Friday, June 13, 2008


Anthony Perkins, playing a slightly less crazy variation on Norman Bates, is a young man just released from an institution; he burned down his aunt's house when he was 15, causing her accidental death. He is placed in a small town and gets work at a chemical plant; his parole officer warns him about the dangers of an overactive fantasy life, but soon Perkins is pretending to himself that he's a CIA agent on the trail of a plot to poison the town's water supply. He develops a crush on high-school senior Tuesday Weld and gets her to believe his story. However, the innocent-seeming Weld actually has a sociopathic bent that put Perkins's problems in the shade. For a while, it seems like the pair will turn into a modern-day Bonnie and Clyde, but the film's final twists take it in a different direction to a BODY HEAT-like ending. This film from first-time director Noel Black is a small masterpiece of black comedy; the story has a distinct noir feel, though the style isn't noir at all.

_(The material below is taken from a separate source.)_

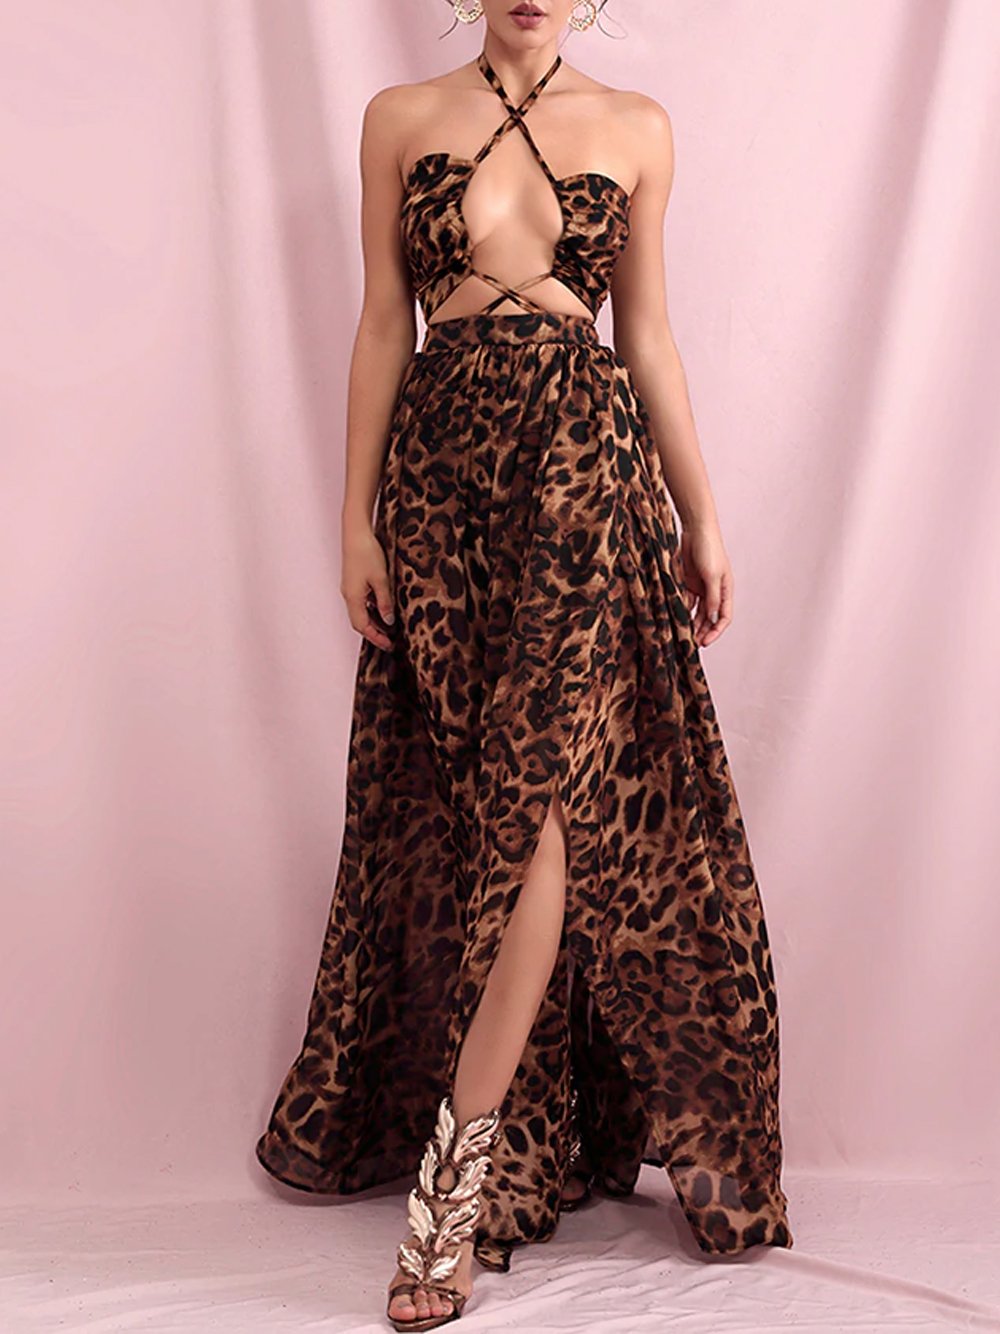 GRECCA Leopard Maxi Dress

Perkins and Weld have a remarkable chemistry (which carried over to their later film PLAY IT AS IT LAYS, less successful but still worth seeing) and both give excellent performances. Both are also attractive--they could easily have been the leads in a quirky romantic comedy--and Weld is an utter knockout, both in looks and talent. It's a damned shame her career never quite fulfilled its early promise. The same could be said about director Black who followed this up with the poorly-received COVER ME BABE, which I'll review tomorrow, and then turned to TV movies. B-movie queen Beverly Garland is very good as Weld's bitch of a mother, and you'll recognize John Randolph (the parole officer) and Dick O'Neill (Perkins' boss) from lots of TV supporting roles. A must-see. [DVD]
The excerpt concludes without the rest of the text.